As a SaaS platform, customers rely on Snowflake to provide a highly available service. In the past couple of weeks, we had two disruptions where customers in some regions were unable to connect to Snowflake because of Online Certificate Status Protocol (OCSP) validation of SSL certificates. We’ve written to our customers, apologizing for any inconvenience the disruptions may have caused them. We’re also working to improve our systems and processes to help prevent such occurrences in the future. This blog lays out the challenges and tradeoffs we faced and what the next steps are.
Securing the Web: Background on OCSP
The SSL/TLS certificates, along with the certificate authorities (CAs) that issue them, form the backbone of how we establish secure and trusted communications. Clients can use these certificates to verify the identity of who they are communicating with and make sure malicious actors are not hijacking their important information.
Certificate revocation checking is an important part of identity verification. Having the ability to revoke a previously valid certificate allows us to respond quickly to a breach or a theft of the private key associated with the certificate and prevent fraudulent use of that certificate. This may sound theoretical but we had one such widespread incident with the heartbleed vulnerability where millions of certificates were potentially compromised and had to be revoked. OCSP (online certificate status protocol) is a protocol used by clients to check if the certificate they have is still valid and has not been revoked. Of the different methods of checking for revocation, it’s the most secure and allows for the quickest response once a revocation happens.
Challenges with OCSP
While OCSP provides the most secure checking of the certificate revocation status, there are several challenges with OCSP. Since OCSP relies on the CAs responding on a client connection, it puts them in the position of running an online service in a highly reliable fashion.
CAs are organizations optimized to provide trust and accountability, but not necessarily resilient infrastructure. Even temporary unavailability of responses from CAs makes it quite difficult to check for revocation. Because of these availability challenges, most clients which check for OCSP have chosen to silently ignore revocation check failures (known as “soft-fail”). Unfortunately, this significantly diminishes the value of OCSP checking because it fails in exactly the cases it’s trying to prevent. As Google software engineer Adam Langley said in a blog post: “soft-fail revocation checks are like a seat-belt that snaps when you crash. Even though it works 99% of the time, it’s worthless because it only works when you don’t need it.”
Snowflake’s Goal: Building a stronger OCSP
Snowflake has chosen to take a stronger position with OCSP. Our clients fail a connection when they can’t check the revocation status of a certificate or all the intermediate certificates used to verify the certificate (a “hard-fail” strategy). Our customers place a lot of trust in Snowflake securing their data and it’s incumbent upon us to make sure we protect their data to the best of our abilities. We do this for all connections our client drivers use, not just to Snowflake but other third-party services such as AWS S3, Azure Blob Store, Okta, etc.

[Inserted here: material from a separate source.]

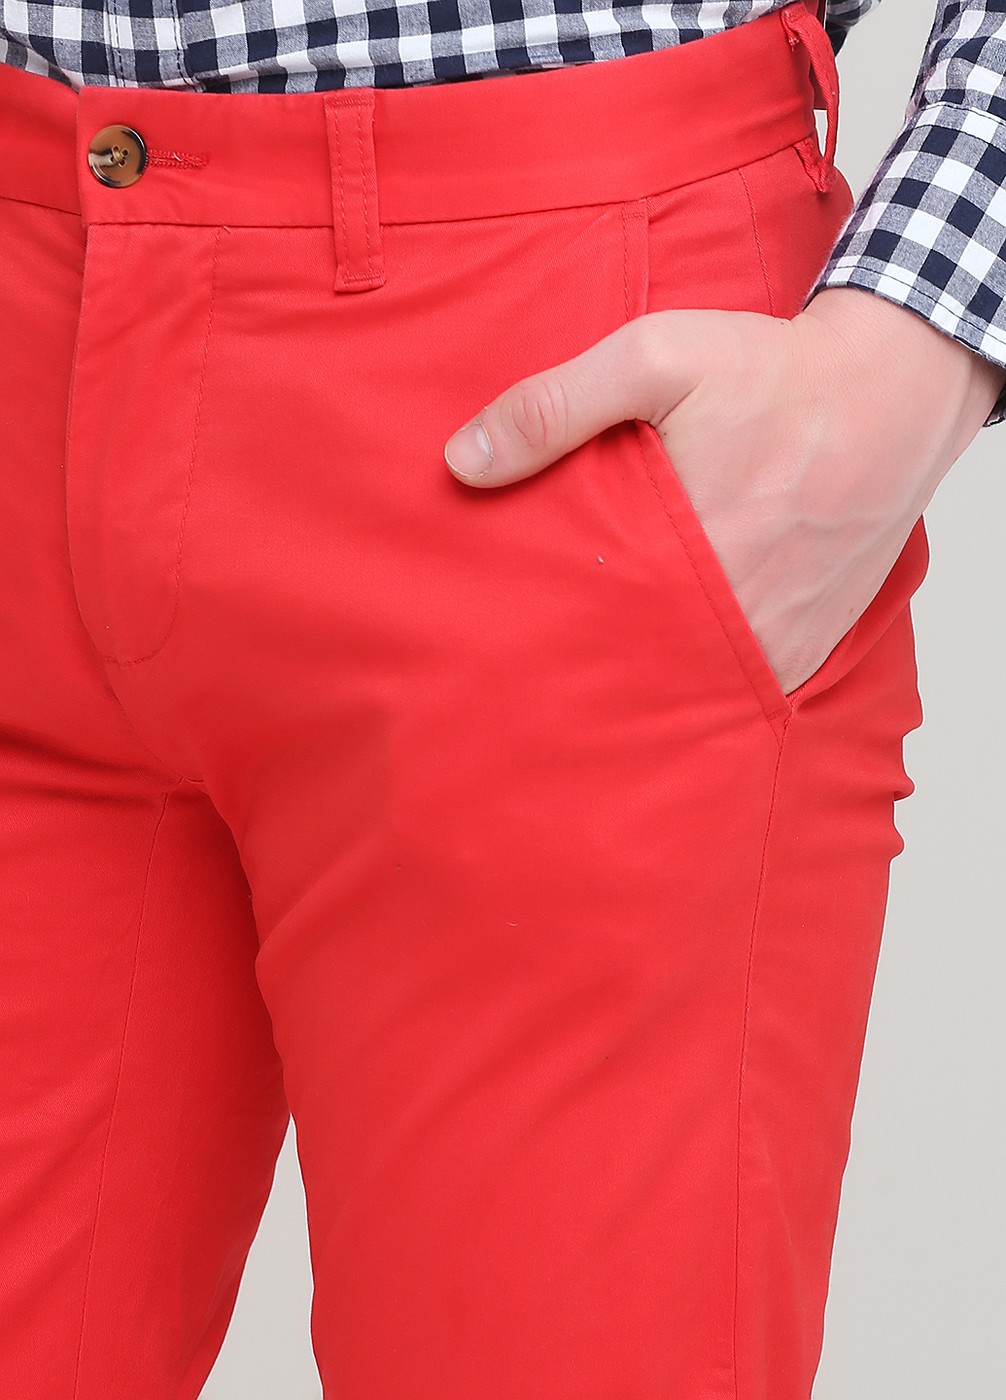 Брюки мужские - брюки Tommy Hilfiger

Over the last year, we have been mitigating the challenges of availability normally associated with the “hard-fail” strategy. The commonly cited problem with OCSP is that the certificate authority fails to respond because their responder is temporarily unavailable. To mitigate it, we built a solution in which the Snowflake service queries and caches the OCSP responses from certificate authorities. This allows our client drivers to establish connection even when the CA’s OCSP responder is temporarily unavailable. This is possible, and secure, because the CAs sign the OCSP responses, which are valid for one or more days. As long as the CA’s OCSP responder can occasionally serve a valid response for revocation checking, we can continue to maintain a highly available service for our customers.
What we saw in the last couple of weeks was an entirely different failure mode, which we have not seen in the past and has not been reported in the security community. Instead of CAs being temporarily offline, two different CAs produced expired OCSP responses to revocation checking. Since the CAs are the ultimate authority of trust, the fact that they could not confirm the certificates were not revoked meant that connections to Snowflake which used the certificate failed.
Plans Going Forward
We do not think it is acceptable to weaken security for enterprise services running in the cloud in response to these challenges. We’re taking several steps to mitigate availability issues while we continue to keep a high bar for certificate acceptance and revocation checking.
We’re building an early warning system, which will alert us when CAs aren’t providing the freshest OCSP responses. This can give us an indication of a potential situation with the CA, which may lead to expired responses in the future. We can use this to start working with them to resolve the situation before customers actually see expired responses to eliminate or shorten the time of impact. In addition, we’re building a centralized control which is designed to securely suspend revocation checking for affected customers for brief periods of time as we work with the CAs to remediate problems. While we implement these mechanisms, we currently provide our customers a way to temporarily configure their client drivers in a soft-fail mode for revocation checking to work around OCSP-induced connectivity issues.
Snowflake is committed to working with our customers and be as transparent as possible throughout this journey. We deeply appreciate your patience and your partnership in this effort.